Error
Error Code:
53
MongoDB Error 53: Invalid Document ID Format
Description
This error indicates that an `_id` field in a document or an ID used in a query does not adhere to MongoDB's expected data types or format. It typically occurs during database operations like inserts, updates, or lookups when the provided identifier is malformed or incompatible.
Error Message
Invalid Id Field
Known Causes
3 known causesMismatched ID Data Type or Format
The ID provided for an operation does not match MongoDB's expected data type (e.g., `ObjectId`, string, number) or its specific format requirements.
Invalid ObjectId String Format
A string intended to represent an `ObjectId` was malformed, typically by having an incorrect length (must be 24 hexadecimal characters) or containing non-hexadecimal characters.
Querying with Malformed ID
An ID used within a query filter (e.g., `_id: 'invalid_id_value'`) does not conform to MongoDB's valid identifier formats, preventing the query from executing.
Solutions
3 solutions available1. Validate and Correct Document IDs medium
Inspect and fix malformed `_id` fields in your documents.
1
Identify the collection and documents that are causing the error. This often happens when trying to query or update a document with an invalid `_id`.
2
Connect to your MongoDB instance using the `mongo` shell or a GUI tool.
3
Use a query to find documents where the `_id` field might be malformed. MongoDB `_id` fields are typically `ObjectId` types. Look for non-string, non-ObjectId, or incorrectly formatted string `_id`s.
db.yourCollection.find({ _id: { $type: ['string', 'null', 'int', 'long', 'double', 'decimal', 'boolean', 'array', 'object', 'binData'] } })4
For each identified malformed document, manually correct the `_id` field. If it's supposed to be an `ObjectId`, convert it. If it's a custom string ID, ensure it's a valid string.
db.yourCollection.updateOne({ _id: 'invalid_id_string' }, { $set: { _id: ObjectId('valid_object_id_string') } })5
If you are inserting documents and receiving this error, ensure that the `_id` field, if provided, is either `null` (to let MongoDB generate an `ObjectId`) or a valid `ObjectId` string format before insertion.
db.yourCollection.insertOne({ _id: ObjectId('...') , field1: 'value1' });
// Or let MongoDB generate it
db.yourCollection.insertOne({ field1: 'value1' });2. Check Application Code for ID Generation/Handling medium
Review your application's logic for how `_id`s are generated and used.
1
Examine the code responsible for inserting or updating documents in MongoDB. Pay close attention to how `_id` values are assigned.
2
Ensure that when you explicitly set an `_id`, you are using the correct MongoDB driver methods to generate or cast it to an `ObjectId` or a valid custom ID type.

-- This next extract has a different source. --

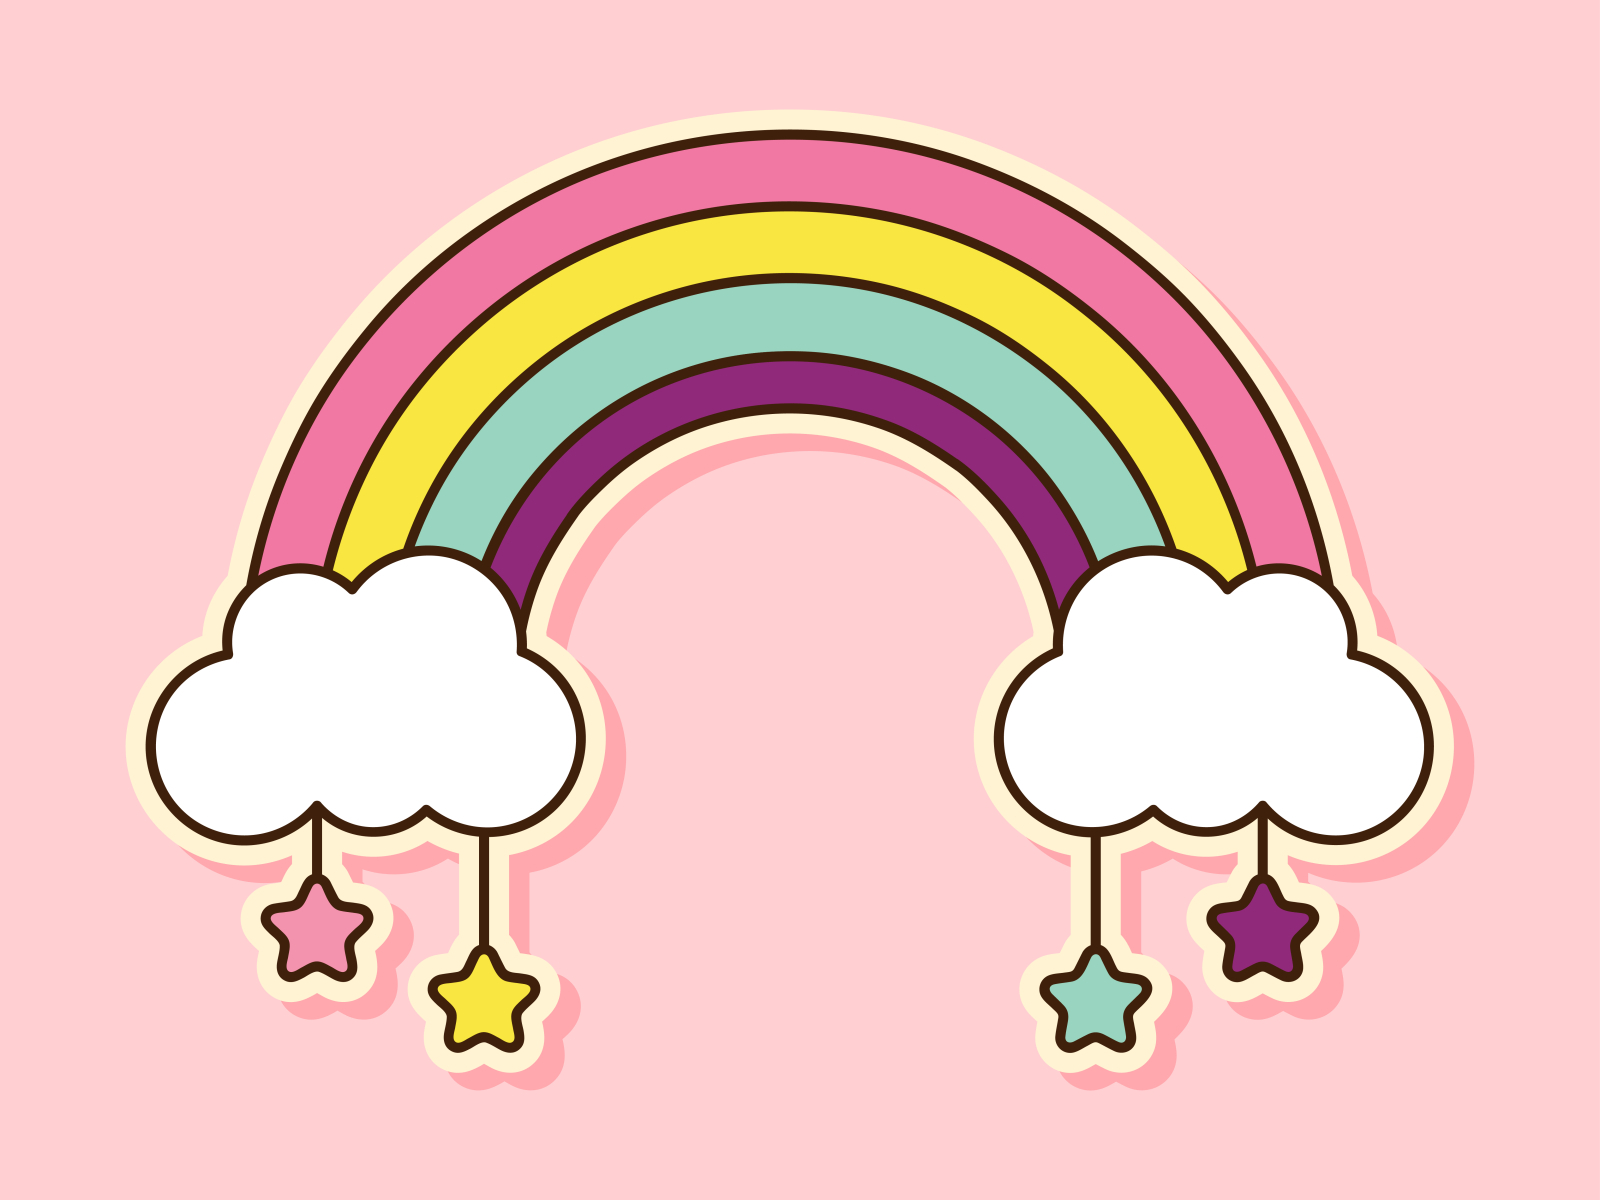 Cute Rainbow Stickers Clipart Graphic by SugarPlum · Creative Fabrica

const { ObjectId } = require('mongodb');
db.collection('yourCollection').insertOne({ _id: new ObjectId(), name: 'test' });
// Or for custom string IDs
db.collection('yourCollection').insertOne({ _id: 'my_custom_id_123', name: 'test' });3
If your application is receiving `_id`s from an external source (e.g., user input, another API), validate and sanitize these IDs before using them in MongoDB operations. Ensure they conform to the expected `ObjectId` string format or your custom ID schema.
4
If you're using an ORM or ODM, consult its documentation for proper `_id` handling and ensure it's configured correctly.
3. Re-index Relevant Fields (If Custom IDs Are Used) easy
Ensure custom `_id` fields are properly indexed if they are not MongoDB's default `ObjectId`.
1
If you are using custom string or numerical values as your `_id` field, ensure it is properly indexed for efficient lookups.
2
Connect to your MongoDB instance.
3
Create an index on the `_id` field if it doesn't exist. This is usually done automatically by MongoDB, but it's good to verify, especially if you've changed ID types.
db.yourCollection.createIndex({ _id: 1 })4
If you encounter issues with specific types of custom IDs (e.g., very long strings), consider if a different data type or a different approach to `_id` generation might be more suitable.